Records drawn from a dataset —
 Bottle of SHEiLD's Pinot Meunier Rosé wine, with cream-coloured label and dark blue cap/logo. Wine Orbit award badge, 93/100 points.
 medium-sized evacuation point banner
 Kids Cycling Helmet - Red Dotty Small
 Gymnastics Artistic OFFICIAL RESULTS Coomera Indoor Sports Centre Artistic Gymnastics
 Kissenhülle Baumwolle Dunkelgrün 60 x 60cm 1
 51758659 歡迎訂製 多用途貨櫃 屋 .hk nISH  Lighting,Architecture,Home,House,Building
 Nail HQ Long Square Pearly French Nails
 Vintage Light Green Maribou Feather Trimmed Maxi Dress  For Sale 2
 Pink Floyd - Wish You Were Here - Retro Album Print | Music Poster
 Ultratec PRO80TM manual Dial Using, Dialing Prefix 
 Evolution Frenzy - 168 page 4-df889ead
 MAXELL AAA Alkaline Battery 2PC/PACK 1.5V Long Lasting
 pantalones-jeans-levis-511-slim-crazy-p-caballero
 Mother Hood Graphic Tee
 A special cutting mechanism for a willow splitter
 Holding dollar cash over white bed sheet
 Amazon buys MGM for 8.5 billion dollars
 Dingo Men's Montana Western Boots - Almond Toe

What the task asks —
Only the span from the line with "Evolution Frenzy - 168 page 4-df889ead" through the final line of the records goes in the output, each line unchanged.

Result of the exercise —
 Evolution Frenzy - 168 page 4-df889ead
 MAXELL AAA Alkaline Battery 2PC/PACK 1.5V Long Lasting
 pantalones-jeans-levis-511-slim-crazy-p-caballero
 Mother Hood Graphic Tee
 A special cutting mechanism for a willow splitter
 Holding dollar cash over white bed sheet
 Amazon buys MGM for 8.5 billion dollars
 Dingo Men's Montana Western Boots - Almond Toe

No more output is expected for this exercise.